The brutal history of Peterloo

As director Mike Leigh’s film tells the story of the Peterloo massacre, Simon Basketter argues the events show how the ruling class reacts when its position is threatened
For days people prepared their banners, practised hymns and marched with bands. In the summer of 1819, Lancashire was filled with excitement.

A campaign for parliamentary reform had called a mass meeting in St Peter’s Field in Manchester, to be addressed by some of the foremost radical speakers of the time.

On Monday 16 August the field was packed with at least 60,000 men, women and children.

As the radical speaker Henry Hunt took to the stage, the mood rapidly changed. Watching from the edge of the field, local magistrates ordered mounted yeomanry to clear the area.

They charged, followed by cavalry hussars. Their sabres flashed and the air became thick with the noise of thundering hooves and the screams of the injured.

At least 18 died from their injuries, including a two year old child and a pregnant woman. Over 600 were injured.

Within moments, recalled the radical Samuel Bamford, most of the crowd had fled.

But “several mounds of human beings still remained where they had fallen, crushed down and smothered.

Some of these still groaning, others with staring eyes, were gasping for breath, and others would never breathe more.

“All was silent save those low sounds, and the occasional snorting and pawing of steeds.”

A cavalryman’s sabre came down on John Lees. Another came up behind the 22 year old factory worker and slashed his right elbow to the bone.

He was then severely beaten by men wielding truncheons. Lees died from his wounds on 7 September.

Major Thomas Dyneley saw the deserted place strewn with the refuse of conflict. “In short,” he said with relish, “the field was as complete as I had ever seen one after an action.”

A poster warning that military exercises relating to ‘sedition and treasonable purposes’ are illegal

Lees and Dyneley had both fought at the Battle of Waterloo in 1815 with the Royal Horse Artillery.

Murder

A friend wrote that Lees said, “At Waterloo there was man to man; but at Manchester it was downright murder.”

Major Dyneley wrote in his report that the “first action of the Battle of Manchester is over, and has I am happy to say ended in the complete discomfiture of the enemy”.

On the day itself, a group of special constables taunted wounded protesters by shouting,

“This is Waterloo for you! This is Waterloo.”

Within days the Manchester Observer newspaper had started calling it Peterloo.

The massacre took place during the severe economic depression that followed two decades of war. The government, spooked by the spectre of revolution, fretted that any reform would bring insurrection.

Manchester was a city, The Times newspaper reported, where thousands of spinners and weavers lived in “squalid wretchedness” and “repulsive depravity”.
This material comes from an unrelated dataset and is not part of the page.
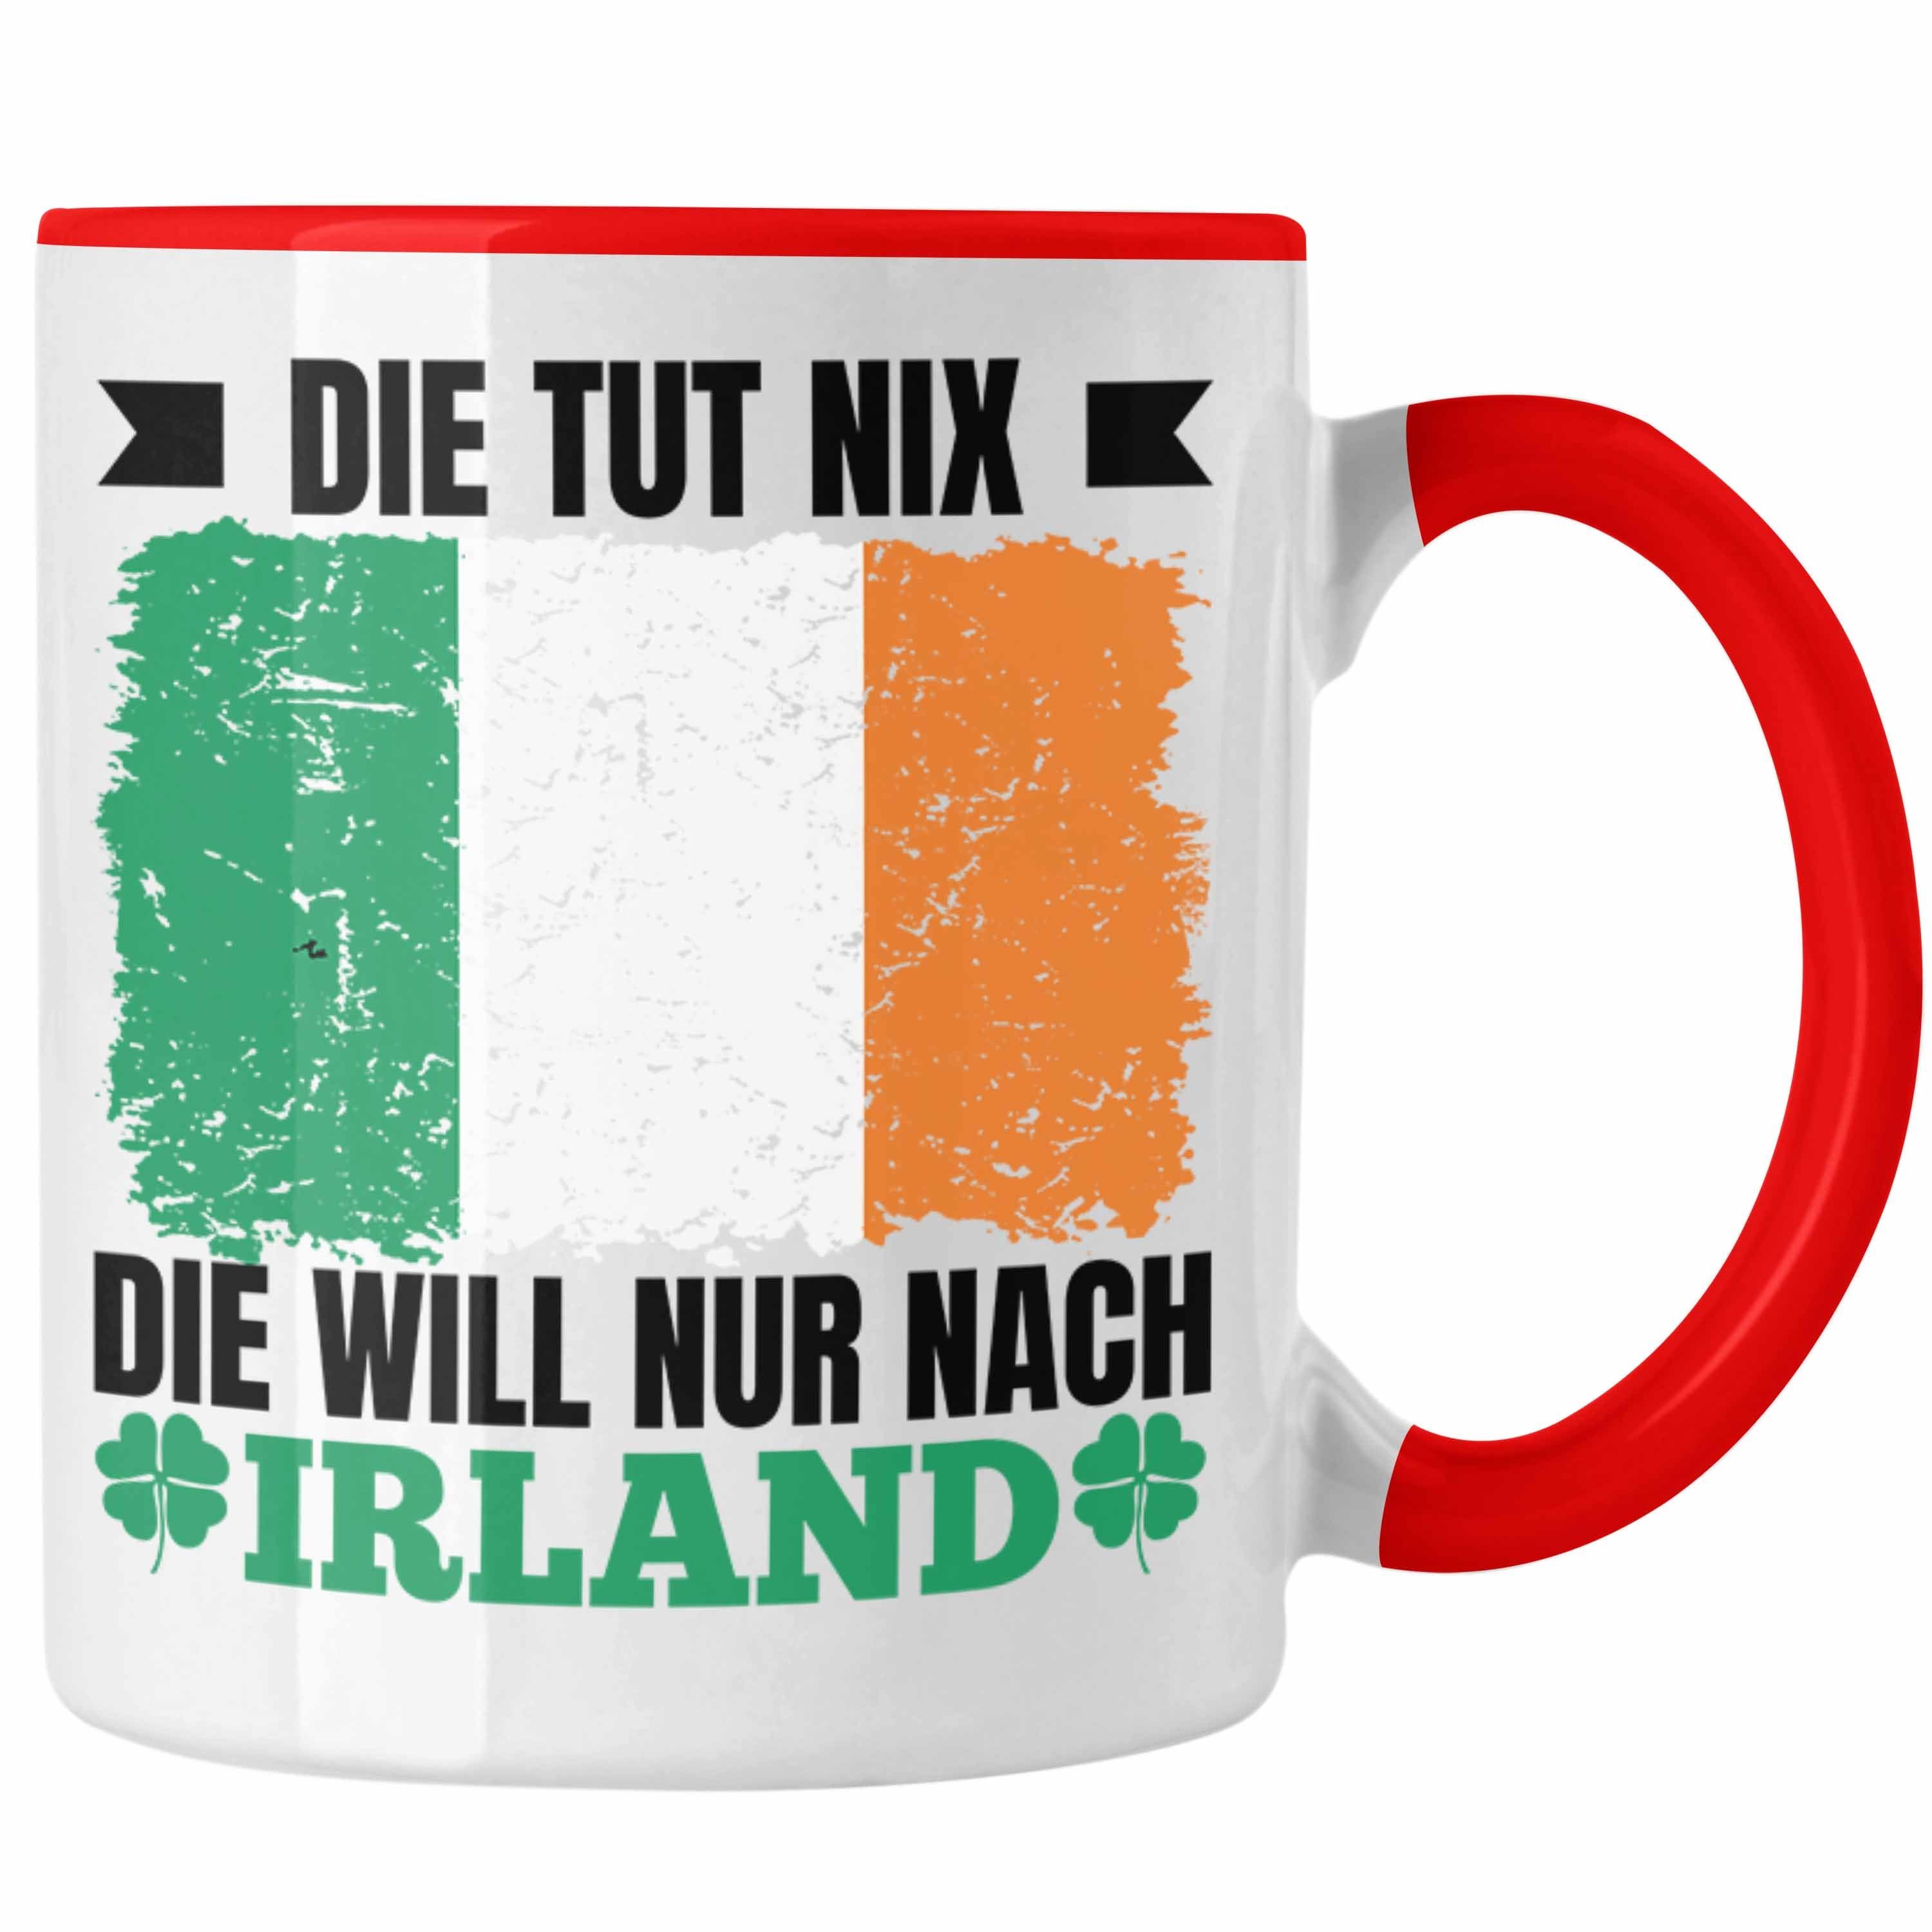 Irland Nur Rot Trendation Tut Tasse Geschenk Nach Tasse Irland Die Will Nix Die - Trendation Geschenkidee

Britain in the 1810s was haunted by the fear of Jacobinism from the revolution that had overthrown the monarchy in France. Meanwhile only one in ten men—and no women—could vote, while many towns had no MPs at all.

There was pressure for reforms from some of the middle class as well as workers.

The instincts of Lord Liverpool’s Tory government were always repressive.

In 1817, an attack on the Prince Regent’s carriage prompted the government to suspend the right to appeal unlawful imprisonments. It also clamped down on “seditious” meetings.

In response at one Stockport rally, a speaker wished for a “sword in my hand to cut off the heads of all tyrants”.

Another told the crowd that they must “get all armed for nothing but sword in hand will do at all—Liberty or death!”

But conspiratorial insurrectionism had generally been crushed by infiltration by government spies.

That peaceful petitioning had proved ineffectual meant reformers for political change had to look to mass mobilisation.

Demands

That meant that demands for political reform started to coincide and merge with broader demands.

Henry Hunt insisted that a great deal of radical effort remained focused on the election of MPs and the sponsorship of moderate reform bills.

But conflict over tactics between the reformers in London led Hunt and others to look to the provinces, and to mass meetings, to build pressure for change.

A mass meeting held at Palace Yard, Westminster, in September 1818, denounced the Prince Regent.

It asserted the sovereignty of the people and demanded their rightful share for workers in the fruits of their labour.